Папа берёт меня на руки, и я тяжело дышу, стараясь успокоиться, но с треском в этом проваливаюсь. Ощущение надежных рук отца только заставляет меня плакать ещё сильнее. Его объятья заботливые, любящие. Я мечтала о подобных мгновениях так долго, а они всё не наступали. Никто не мог спасти меня в те моменты, которые отняли у меня сердце и душу, и я хочу закричать на своих родных, спросить, где они были. Я хочу потребовать, чтобы они объяснили мне, почему не успели спасти ту Эмили. Ей они были так нужны. Ей нужен был хоть кто-нибудь. А теперь её больше нет.

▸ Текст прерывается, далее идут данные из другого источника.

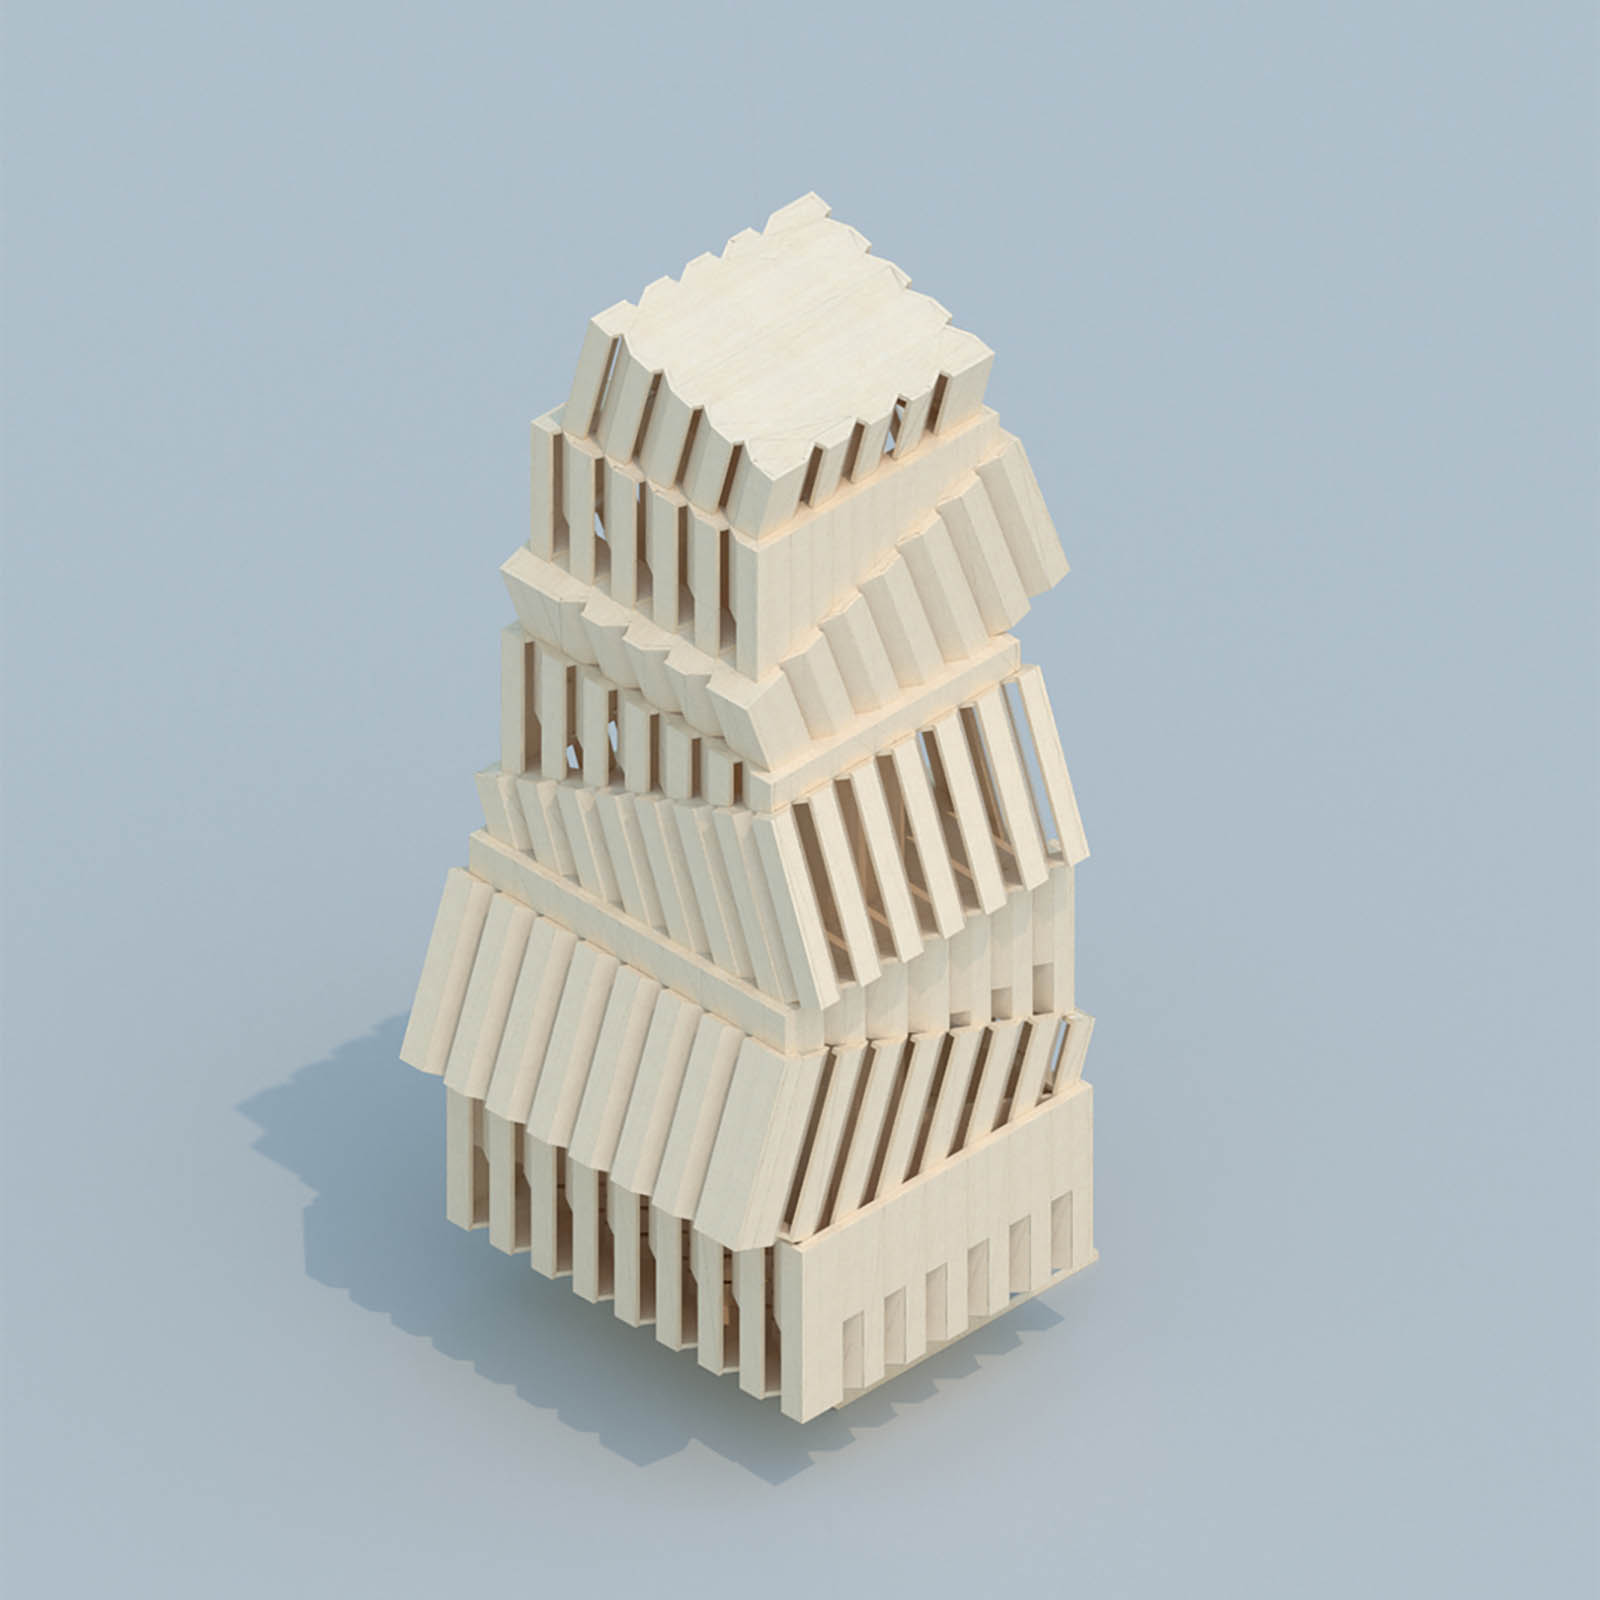 Aryan Khalighy used a simulation of stacked boxes to explore CLT tectonics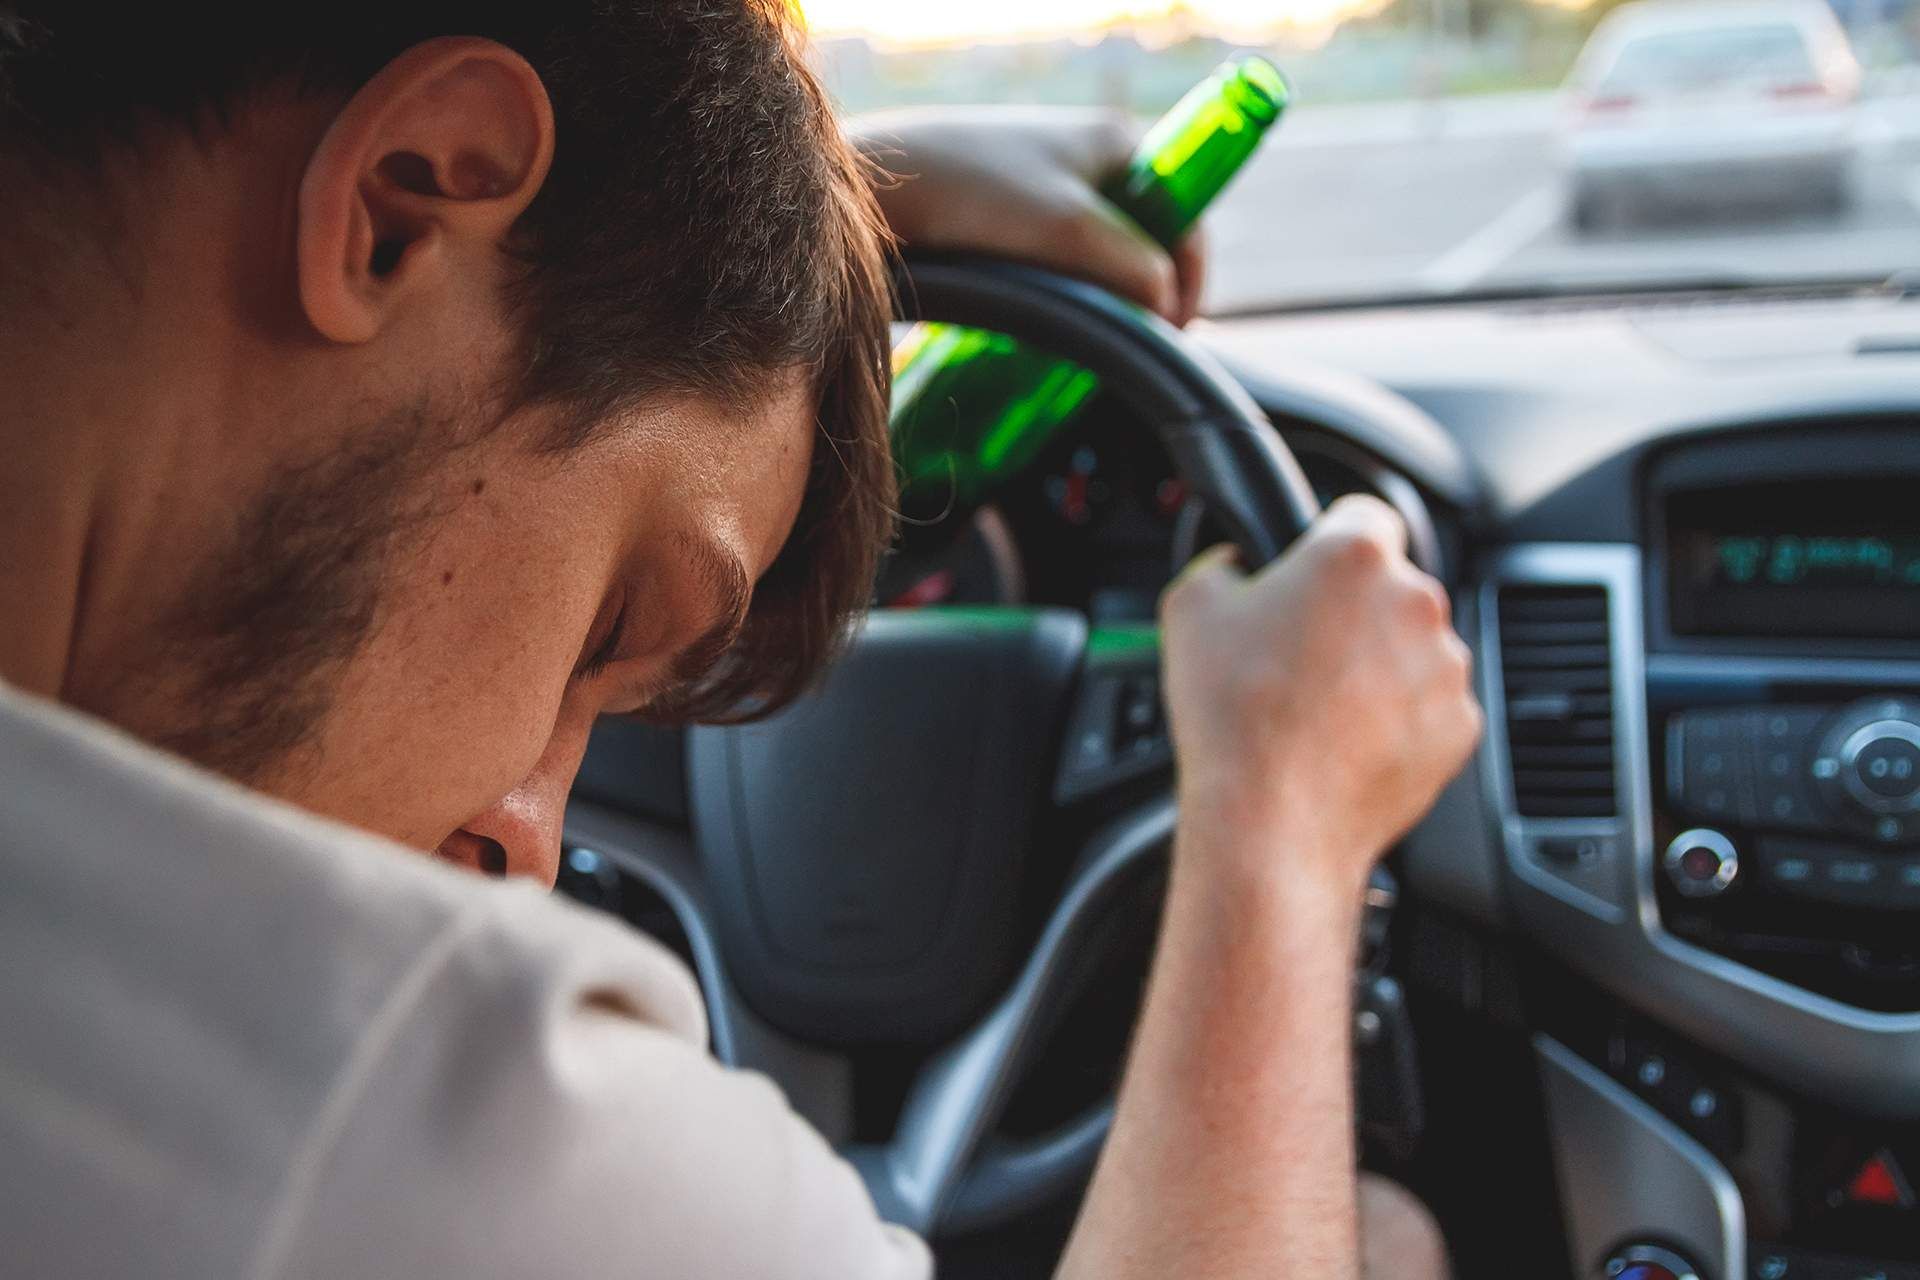 A man is driving a car while holding a bottle of beer.

Они искали меня. Они пытались. И в конце концов нашли.
Только поздно.
Пожалуйста, Господи, не отнимай у меня это снова. Не позволяй им увидеть, кем я стала.
Пока я пытаюсь успокоиться, кто-то звонит в дверь, и мама спешит открыть её. Мгновение спустя по дому разносятся громкие шаги, и, подняв взгляд, я вижу, как в комнату вбегает Канье, тут же встречаясь со мной взглядом. От му́ки, отражающейся на его лице, моё сердце сжимается. Почему он продолжает приходить? Ведь всё, что я могу, это причинять ему боль.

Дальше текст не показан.